I can read the picture before. I don’t know what the reason is. Is there a problem with my converted dali data? But I was able to read the picture before. The code I use from https://github.com/NVIDIA/DALI/blob/master/docs/examples/pytorch/resnet50/main.py

awolant commented 5 years ago

Hi, thanks for the question. How did you modify the data? Maybe you run into an issue similar to this problem with folder structure. I've updated the docs for FileReader in #1222 to make things clear in this regard.

Quote from the updated docs:

FileReader supports flat directory structure. file_root directory should contain directories with images in them. To obtain labels FileReader sorts directories in file_root in alphabetical order and takes an index in this order as a class label.
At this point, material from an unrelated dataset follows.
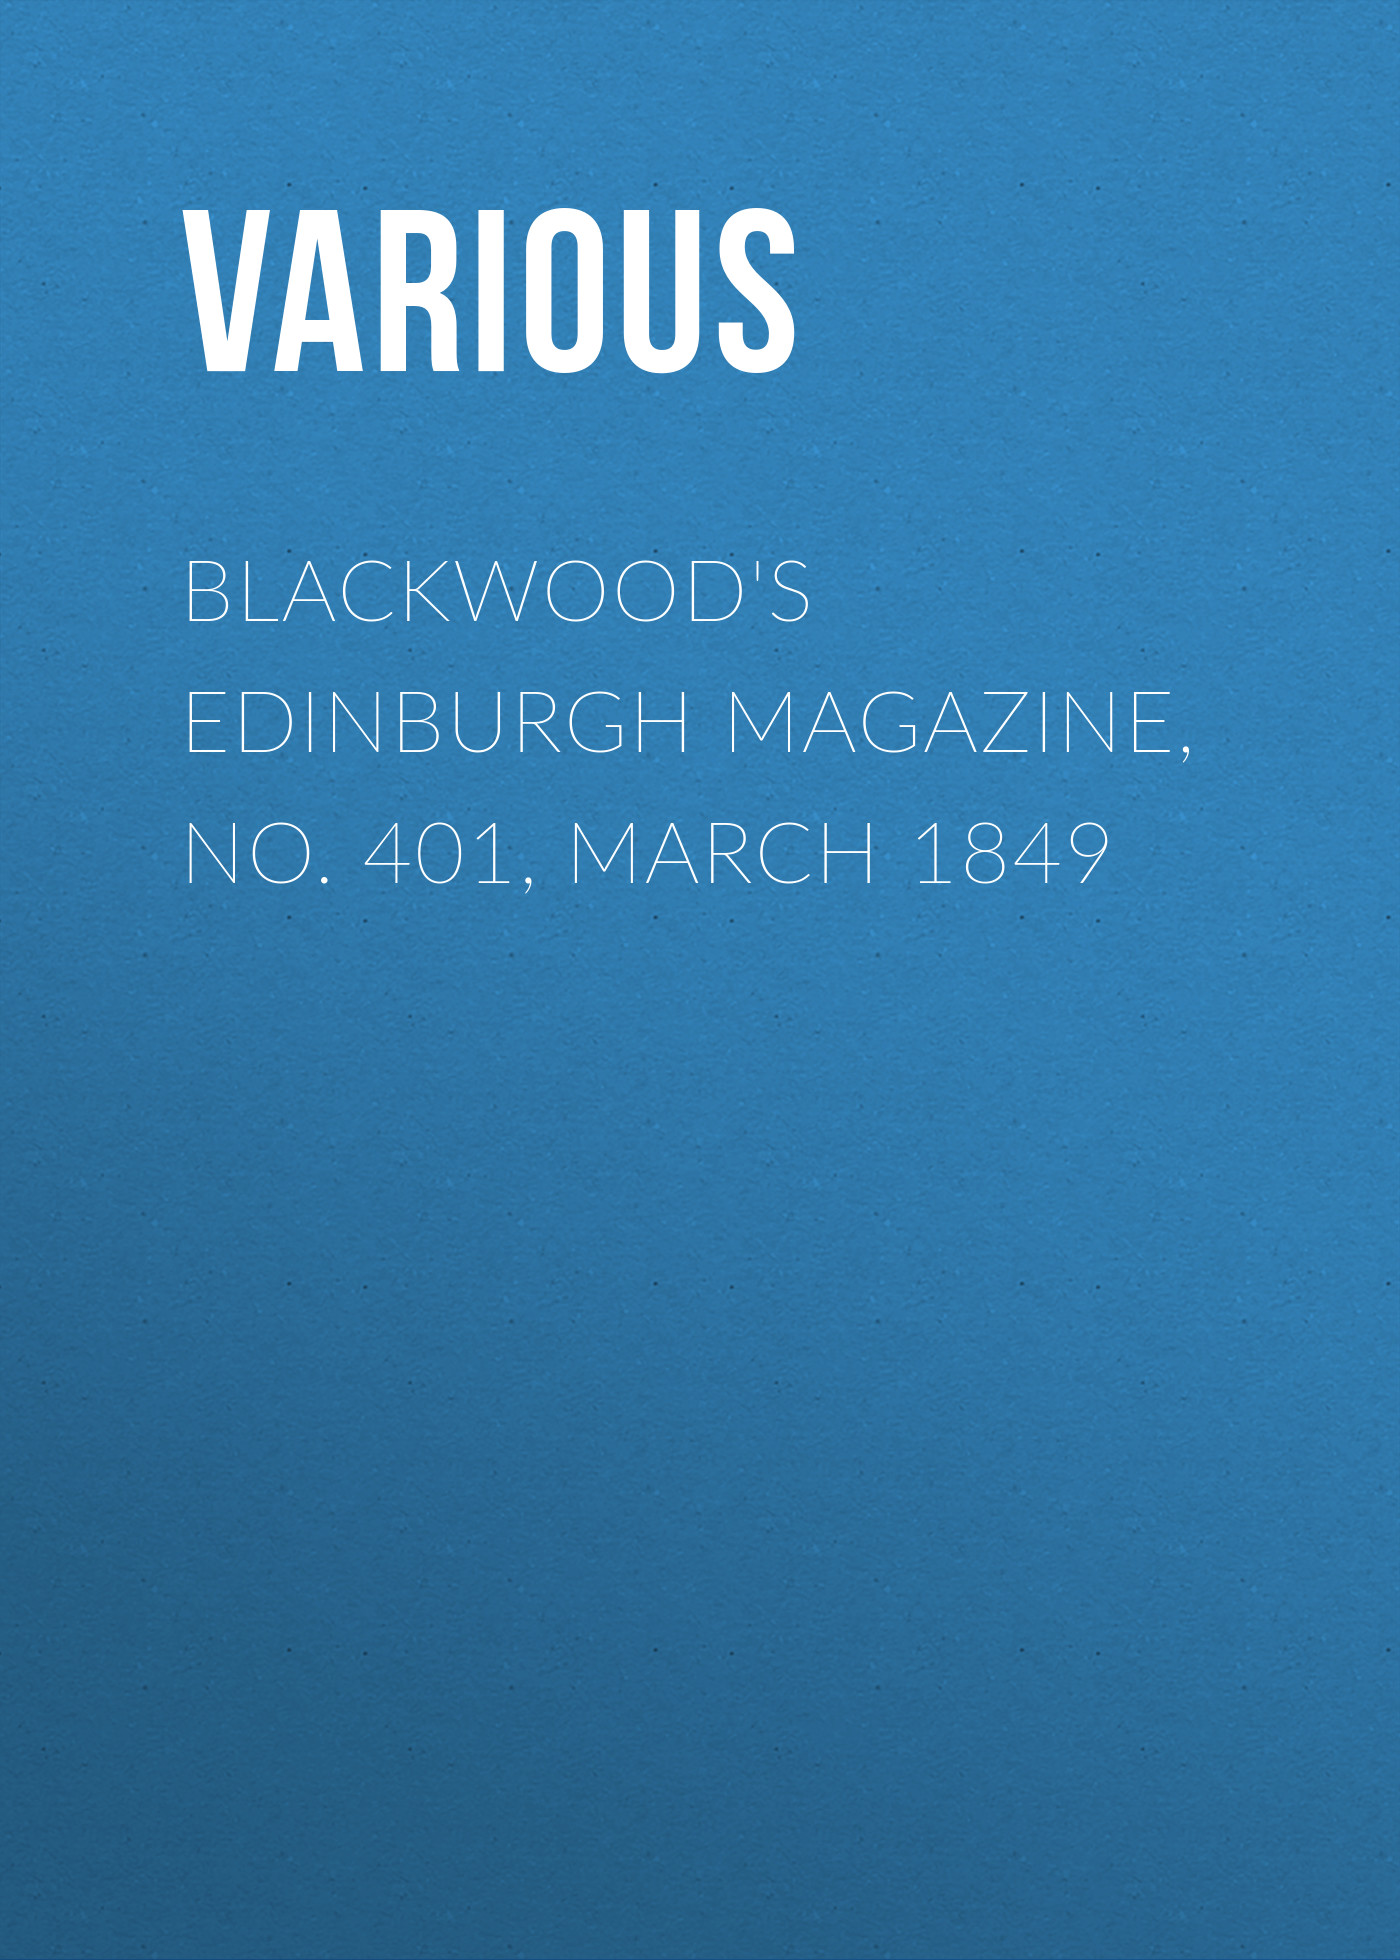 Книга Blackwood's Edinburgh Magazine, No. 401, March 1849 из серии , созданная  Various, может относится к жанру Журналы, Зарубежная образовательная литература, Книги о Путешествиях. Стоимость электронной книги Blackwood's Edinburgh Magazine, No. 401, March 1849 с идентификатором 25569335 составляет 0 руб.
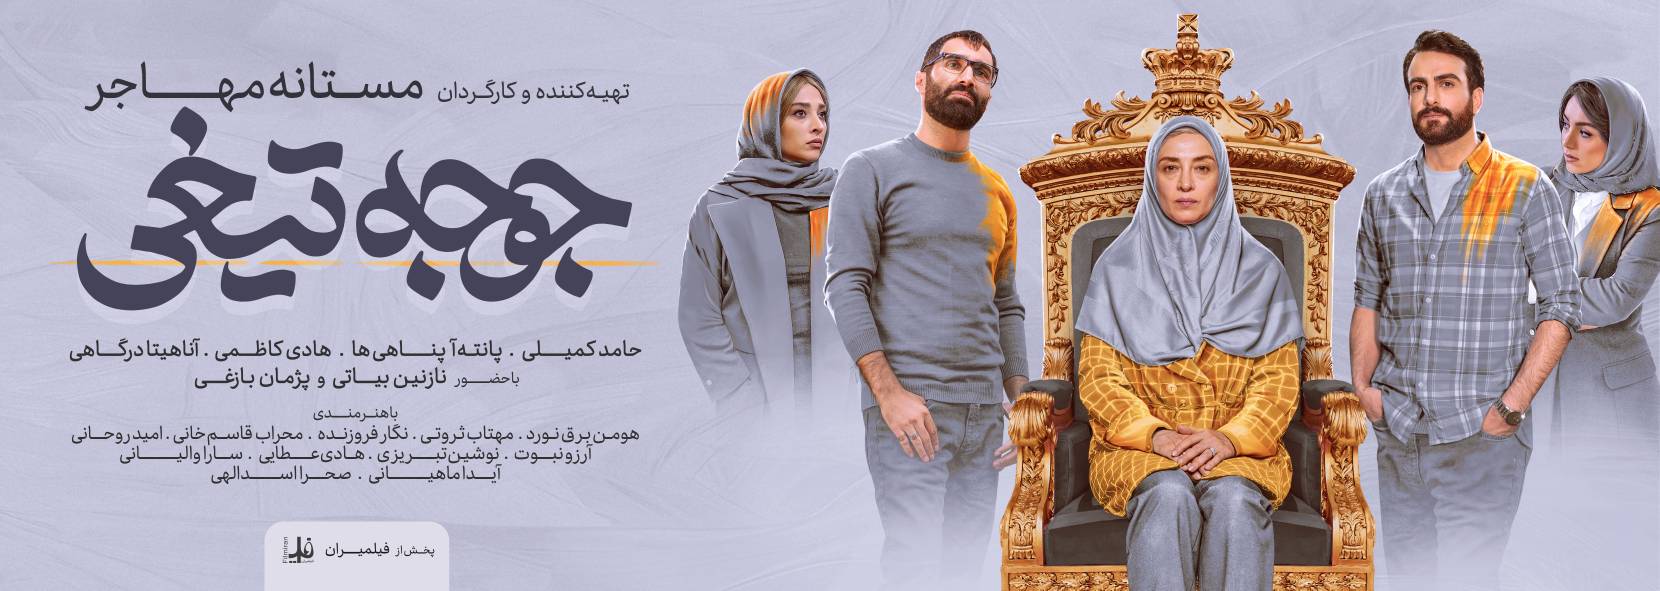 جوجه تیغی، یک کمدی به دور از ابتذال/روایت زنی که می‌خواهد اولین رییس جمهور ایران شود

pawopawo commented 5 years ago

[Warning]: File _train.lst has extension that is not supproted by the decoder. Supported extensions: .jpg, .jpeg, .png, .gif, .bmp, .tif, .tiff, .pnm, .ppm, .pgm, .pbm. [Warning]: File _train.idx has extension that is not supproted by the decoder. Supported extensions: .jpg, .jpeg, .png, .gif, .bmp, .tif, .tiff, .pnm, .ppm, .pgm, .pbm. [Warning]: File _train.rec has extension that is not supproted by the decoder. Supported extensions: .jpg, .jpeg, .png, .gif, .bmp, .tif, .tiff, .pnm, .ppm, .pgm, .pbm. [Warning]: File _train.lst has extension that is not supproted by the decoder. Supported extensions: .jpg, .jpeg, .png, .gif, .bmp, .tif, .tiff, .pnm, .ppm, .pgm, .pbm. [Warning]: File _train.idx has extension that is not supproted by the decoder. Supported extensions: .jpg, .jpeg, .png, .gif, .bmp, .tif, .tiff, .pnm, .ppm, .pgm, .pbm. [Warning]: File _train.rec has extension that is not supproted by the decoder. Supported extensions: .jpg, .jpeg, .png, .gif, .bmp, .tif, .tiff, .pnm, .ppm, .pgm, .pbm. [Warning]: File _train.lst has extension that is not supproted by the decoder. Supported extensions: .jpg, .jpeg, .png, .gif, .bmp, .tif, .tiff, .pnm, .ppm, .pgm, .pbm. [Warning]: File _train.idx has extension that is not supproted by the decoder. Supported extensions: .jpg, .jpeg, .png, .gif, .bmp, .tif, .tiff, .pnm, .ppm, .pgm, .pbm. [Warning]: File _train.rec has extension that is not supproted by the decoder. Supported extensions: .jpg, .jpeg, .png, .gif, .bmp, .tif, .tiff, .pnm, .ppm, .pgm, .pbm. [Warning]: File _val.lst has extension that is not supproted by the decoder. Supported extensions: .jpg, .jpeg, .png, .gif, .bmp, .tif, .tiff, .pnm, .ppm, .pgm, .pbm. [Warning]: File _val.rec has extension that is not supproted by the decoder. Supported extensions: .jpg, .jpeg, .png, .gif, .bmp, .tif, .tiff, .pnm, .ppm, .pgm, .pbm. [Warning]: File _val.idx has extension that is not supproted by the decoder. Supported extensions: .jpg, .jpeg, .png, .gif, .bmp, .tif, .tiff, .pnm, .ppm, .pgm, .pbm.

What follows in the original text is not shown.